Aggiungi ai preferiti

Registrati/accedi per aggiungere ai preferiti

Aumentano le richieste d'aiuto nel periodo estivo per i ragazzi - 100.000 in Italia - che scelgono il ritiro sociale

Hikikomori: l'isolamento d'estate pesa di più

«È estate, gli altri escono e si divertono. Io non ne ho nessuna intenzione. Continuerò a restare chiuso in casa, anzi, blindato in camera mia, giorno e notte e magari pure invertendo le ore di sonno.

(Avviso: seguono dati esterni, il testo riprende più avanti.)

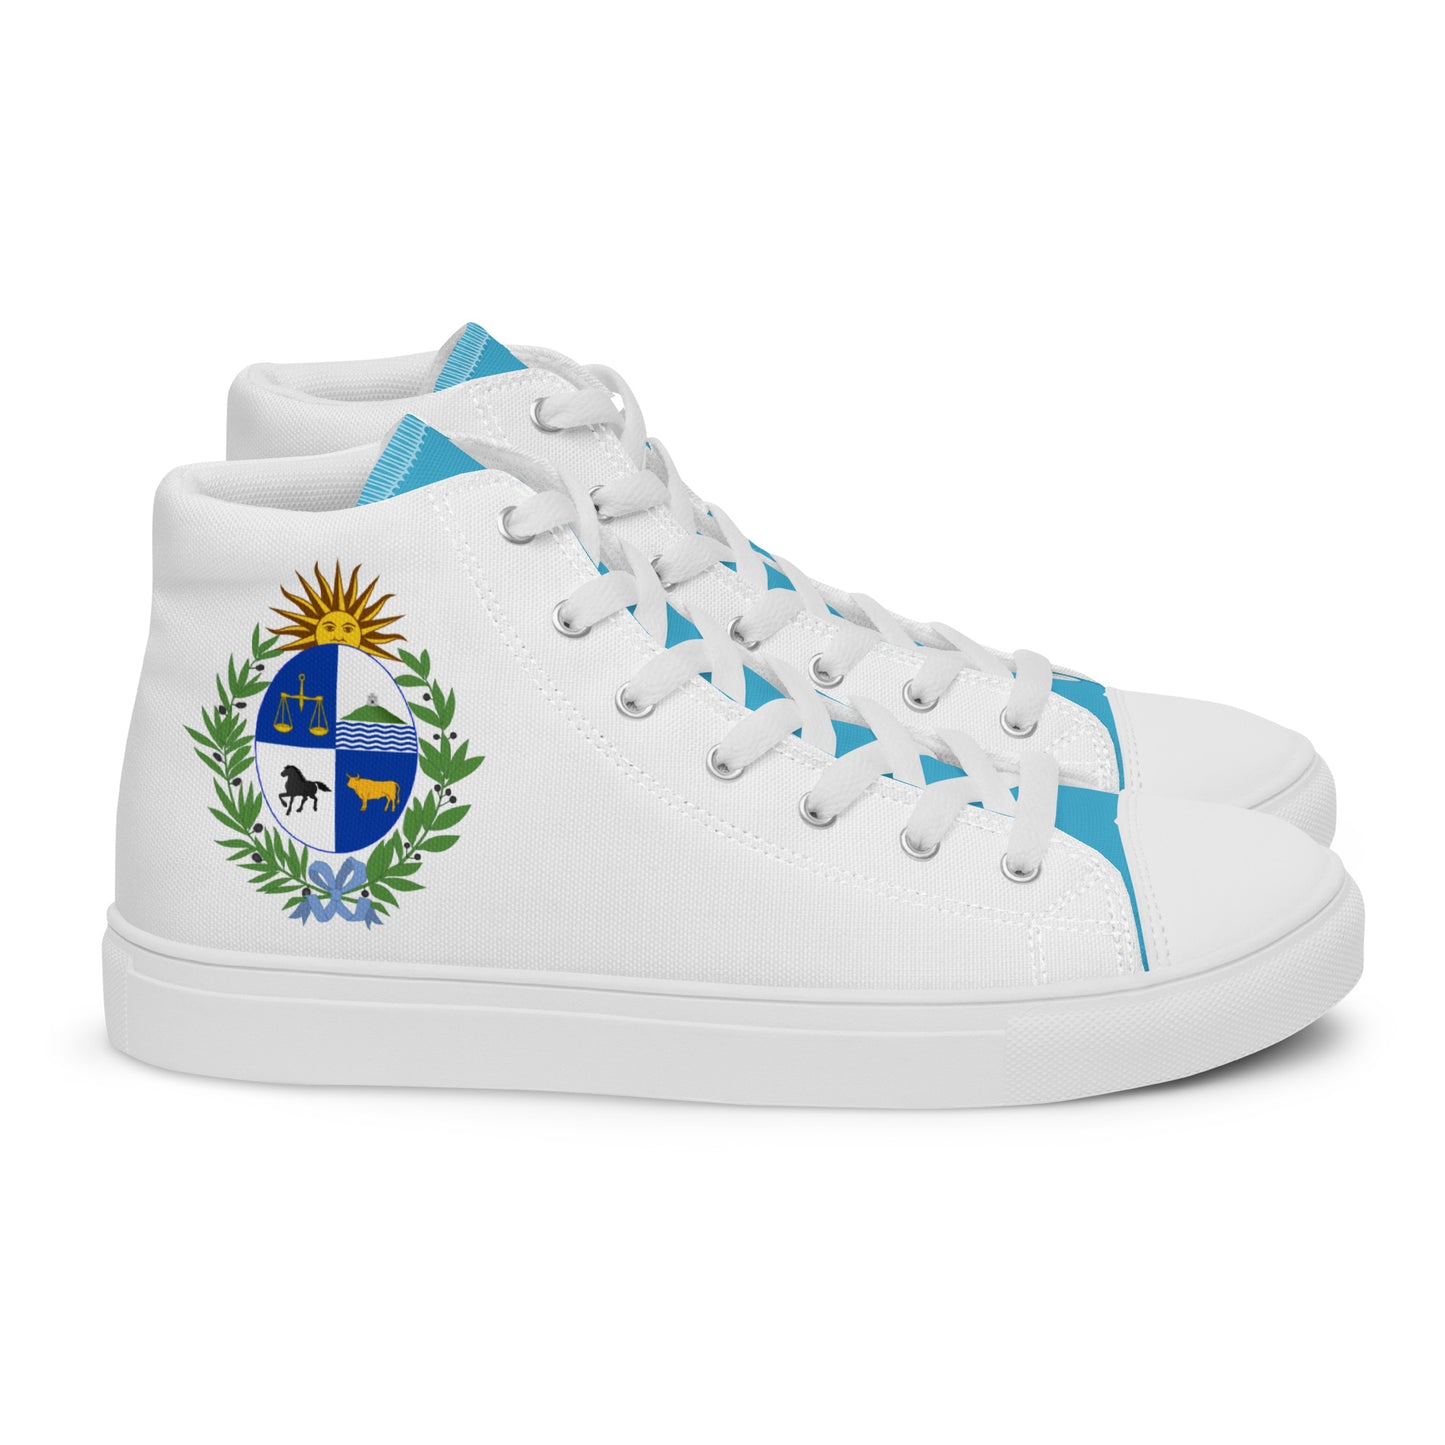 Uruguay - Women - White - High top shoes

Tanto, che importanza ha?». Marco ha sedici anni, ha terminato la terza superiore, ma per lui la fine della scuola non esiste, la cesura delle vacanze riguarda esclusivamente i suoi compagni. Per lui il tempo fluisce sempre uguale a se stesso. Non frequentava la scuola da una quarantina di giorni e ora, che è finita da un po’, non è cambiato nulla, anzi, la sua angoscia è solo aumentata. La sua percezione di essere diverso dagli altri è esponenzialmente cresciuta.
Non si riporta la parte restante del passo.